My New Hero: Hacker Pablos Holman. Bouncing around the stage in his black jeans, grunge tshirt and pony tail, Holman looked more like a tall 10 year old with ADD than a serious techhead. Espousing the hacker ethos (”ordinary people look at a device and think ‘what can I do with this?’ while hackers look at a device and think ‘what can I make it do?’) he showed off some of his favorite hacks: remote controlling a hotel tv set to get free movies and see what fellow hotel guests are surfing online; “Hackerbot”, a robot on wheels which drives up to people with open wifi and displays their passwords; and the crowd favorite: hacking into Cory Doctorow’s cell phone live on stage by spoofing his voicemail (Cory, who was in the audience, looked mildly amused).

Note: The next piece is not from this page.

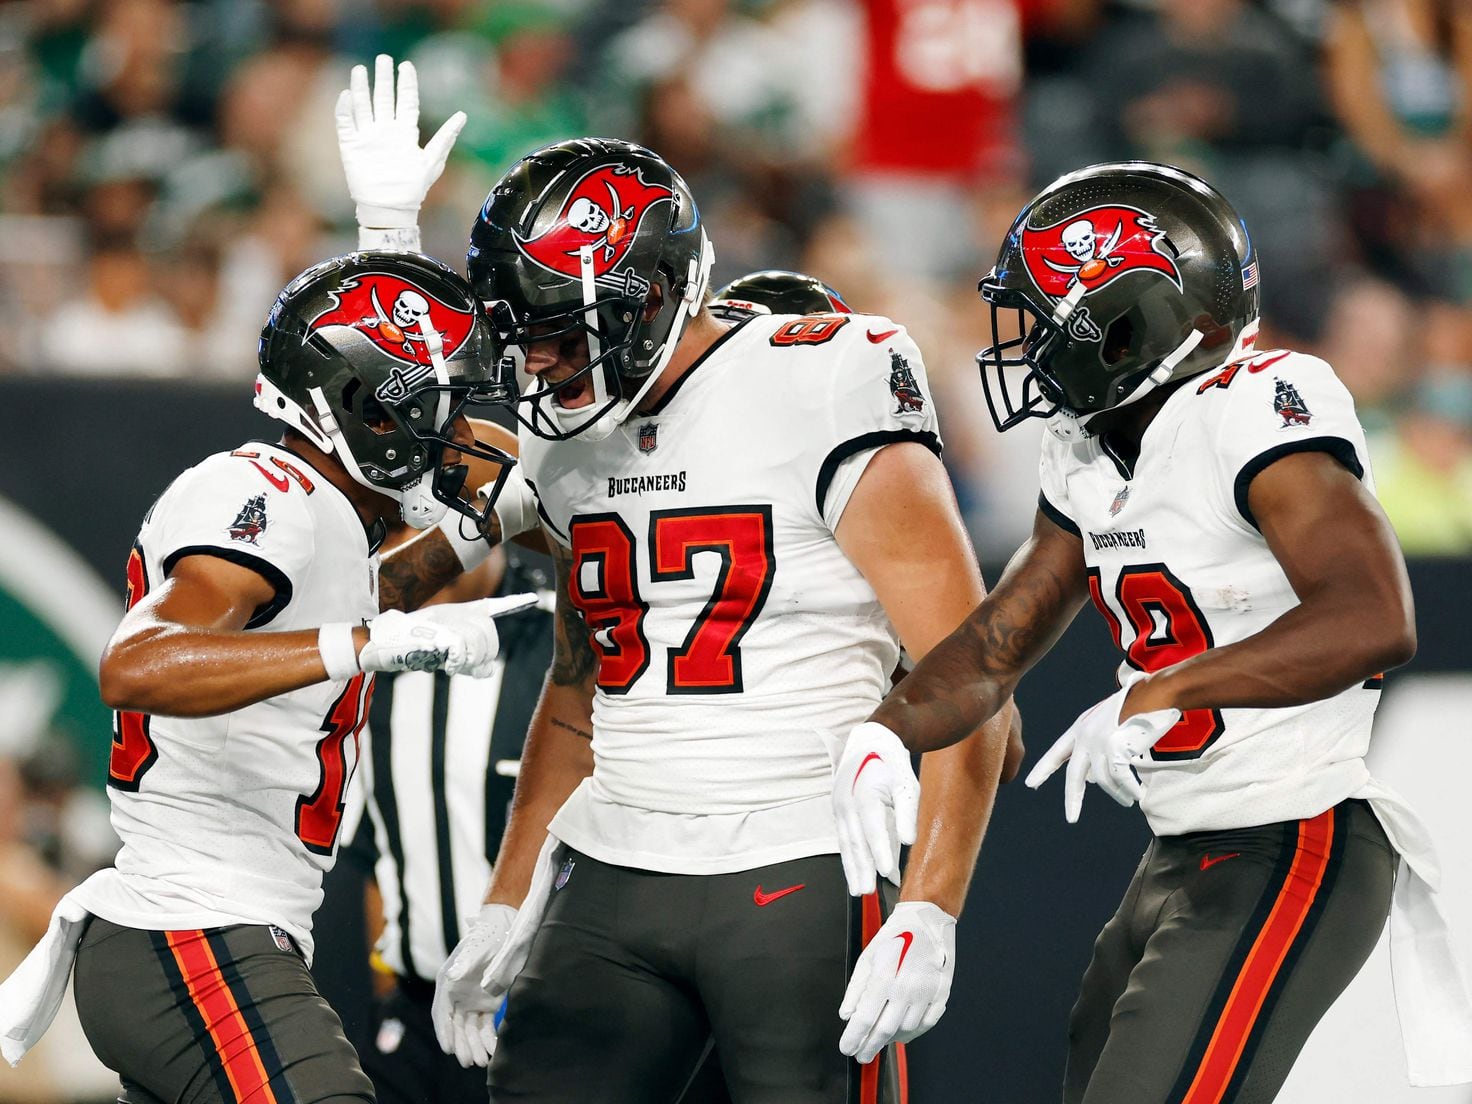 Tampa Bay Buccaneers 13 vs 6 New York Jets summary, stats, and highlights

My New Favorite Term: “Minimally Invasive Education”, courtesy of Prof. Sugata Mitra, creator of the “Hole in the Wall” project. In 1999 Mitra, an Indian physicist, placed a computer in the hole of the cement wall that separated his high-tech office with an urban slum. The result: children from the slum self-taught themselves to use the computer without the help of teachers, schools or textbooks. Over the years Mitra has replicated the experiment across India, proving that perhaps the only thing needed to bridge the digital divide are some inquisitive 8 year olds. (see this great post by Bruno Giussani about Mitra’s work from the LIFT ‘07 conference earlier this year)

My Still-All-time-Favorite Digital Artist: Jonathan Harris, whose work continues to inspire and provoke. In his latest digital incarnation, Harris turns his signature pulse-taking lens on himself (literally): The Whale Hunt is a photographic heartbeat of 3214 images, documenting the spring 2007 Inupiat Eskimo whale hunt in Barrow, Alaska.